Es cierto que en estricta justicia nadie puede ser obligado a adherirse a una asociación cuya protección no desea, ni ser obligado a sustentarla. Del mismo modo, según la razón y la justicia, no podremos esperar de cualquier hombre que se una o apoye una asociación cuyos fines y métodos piense que no serán un modelo para alcanzar el objetivo que la asociación pretende alcanzar, a saber mantener la justicia sin con eso incurrir ella misma en la práctica de la injusticia.
Juntarse a una asociación que se cree ineficaz, o apoyarla, sería en efecto, absurdo. Unirse a una asociación que se cree capaz de cometer ella misma una injusticia, dar sustento a esta asociación, sería criminoso. Por tanto, es preciso dejar a cada uno la libertad de adherirse o no adherirse a una asociación que ha sido creada en vistas al efecto referido, tal como se le deja la libertad de adherirse o no a cualquier otra asociación, según le convenga conforme a su interés, a su juicio o a su consciencia.

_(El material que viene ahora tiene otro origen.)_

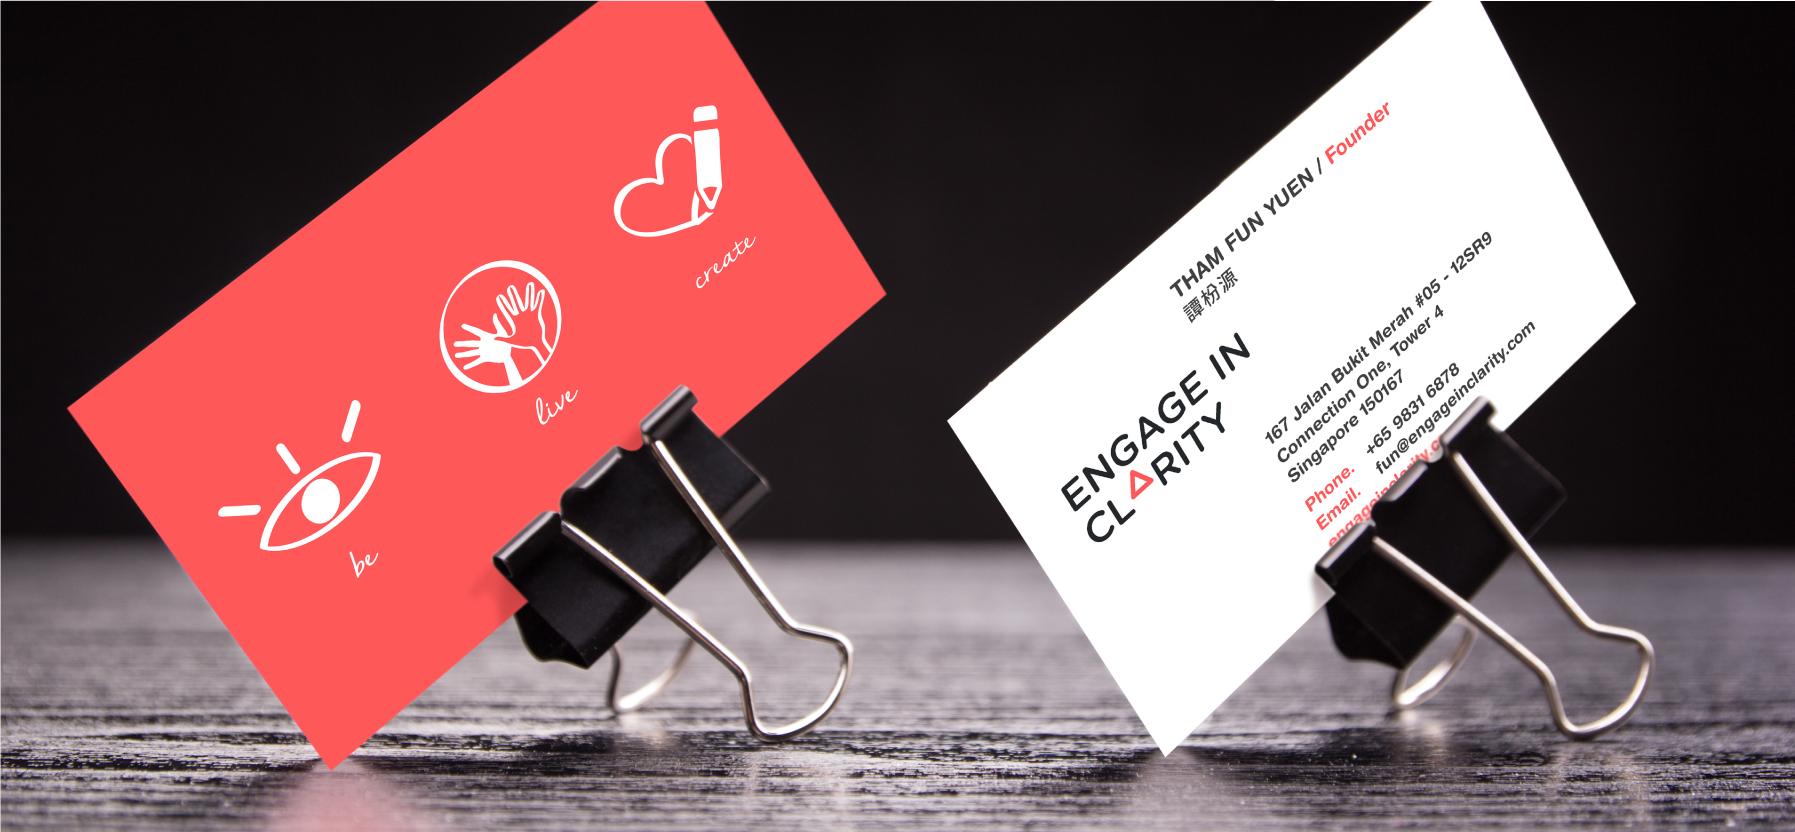 Brand Identity, Logo Design, Stationery Design for Consciousness Mindfulness Training company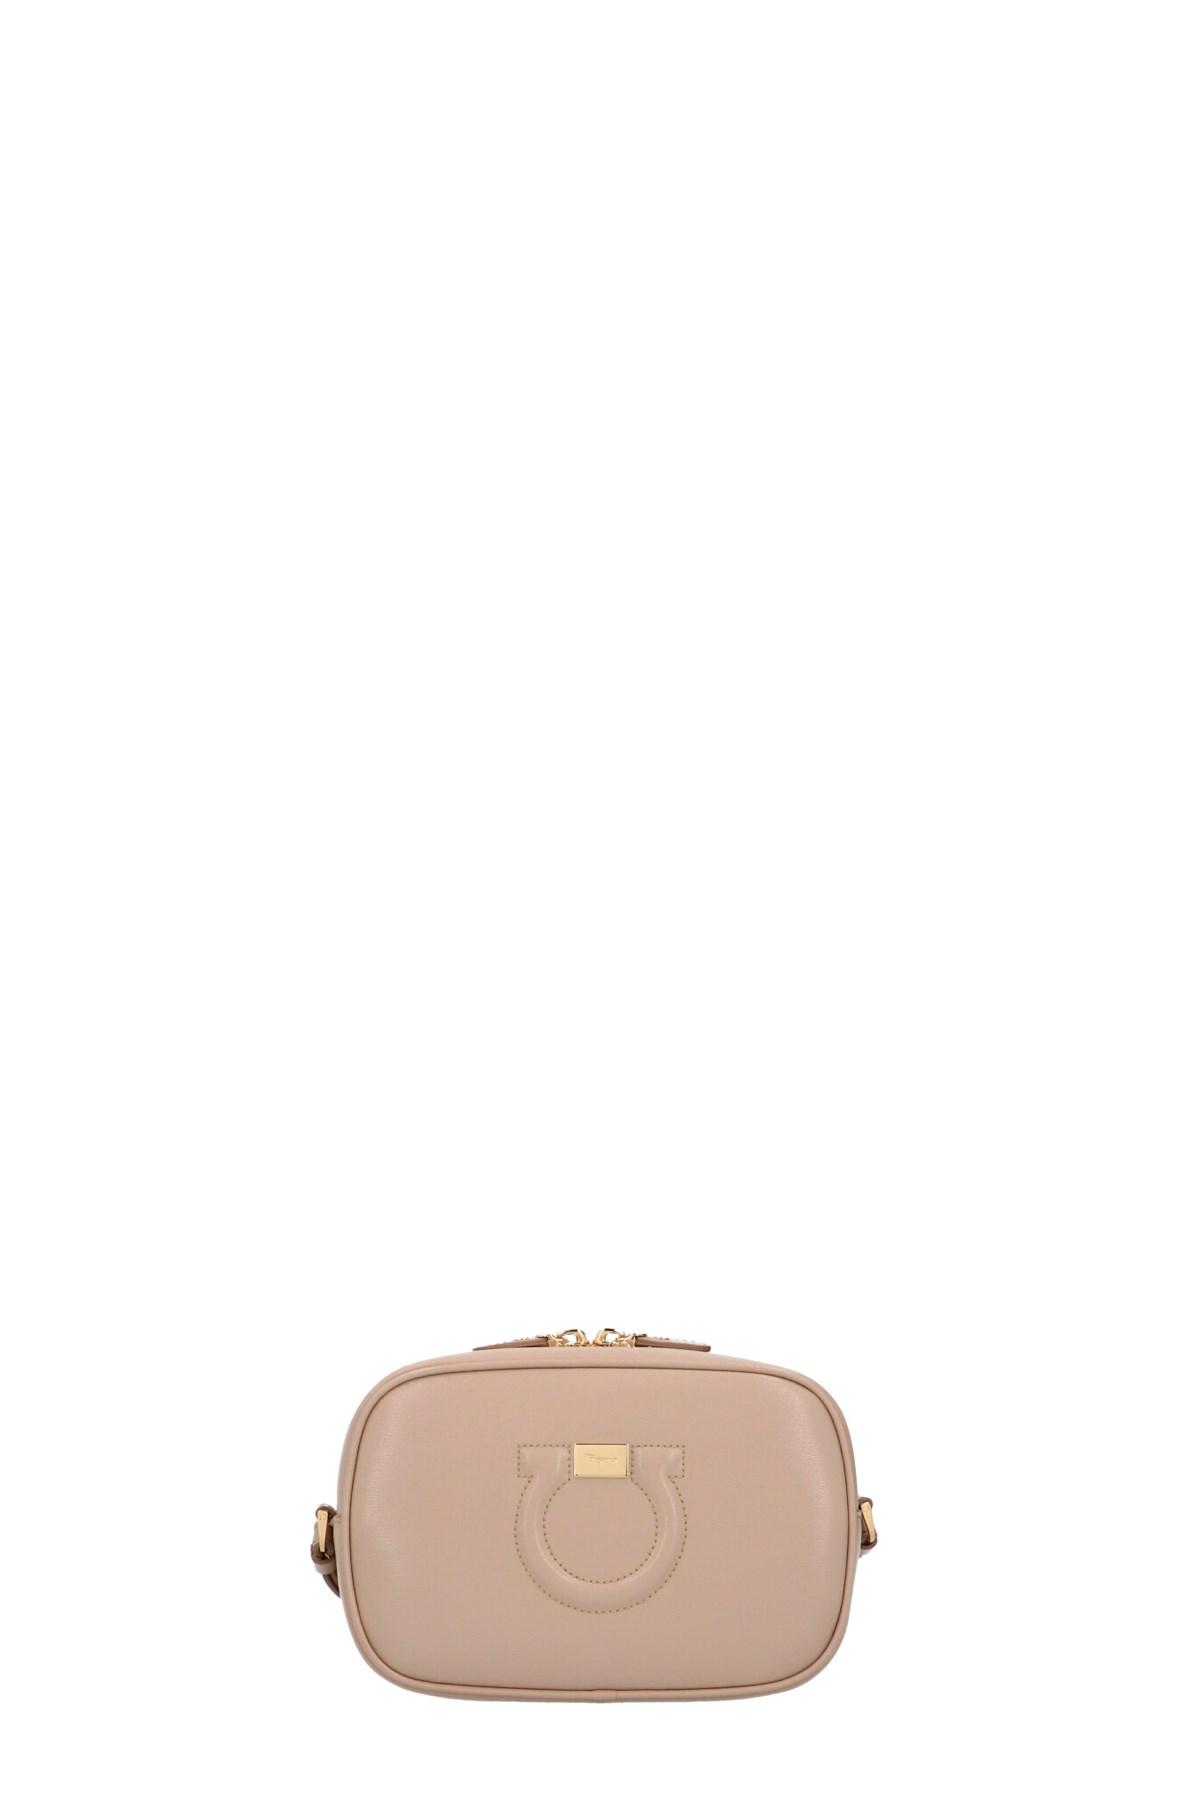 on wholesale cheaper online retailer 'Gancio City' crossbody bag

Una asociación de protección mutua contra la injusticia es como una asociación de protección mutua contra el incendio o el naufragio. No hay ninguna razón para obligar a nadie, sea quien fuera, a apoyar o unirse contra la propia voluntad a una de estas asociaciones, ni para obligar a nadie a reunirse con cualquier otra asociación cuyas ventajas – suponiendo que las tenga – no le interesan o cuyos fines y métodos no aprueba.
IV
No se podrá objetar a estas asociaciones voluntarias el argumento de que les faltaría este conocimiento de la justicia, como ciencia, que les sería necesario para mantener la justicia y evitar que incurran, ellas mismas, en la práctica de la injusticia. La honestidad, la justicia, el Derecho Natural, todo esto es habitualmente un asunto mucho más simple y fácil, a cuya comprensión tienen pleno acceso los espíritus simples. Los que quieren así esclarecer un caso particular no necesitan las más de las veces ir muy lejos para conseguirlo. Es cierto que se trata de una ciencia que es preciso aprender, como cualquier otra. Pero también es verdad que se aprende muy fácilmente. Aunque tan ilimitada en sus aplicaciones como las relaciones y transacciones infinitas que se pueden establecer entre los hombres, la ciencia de la justicia está con todo constituida por un pequeño número de principios simples y elementales, principios cuya verdad y equidad son aprendidas casi intuitivamente por cada espíritu común. Y la mayoría de los hombres tienen la misma percepción de lo que constituye la justicia, o de lo que la justicia exige, aprenden de la misma manera los hechos a partir de los cuales extraerán sus conclusiones.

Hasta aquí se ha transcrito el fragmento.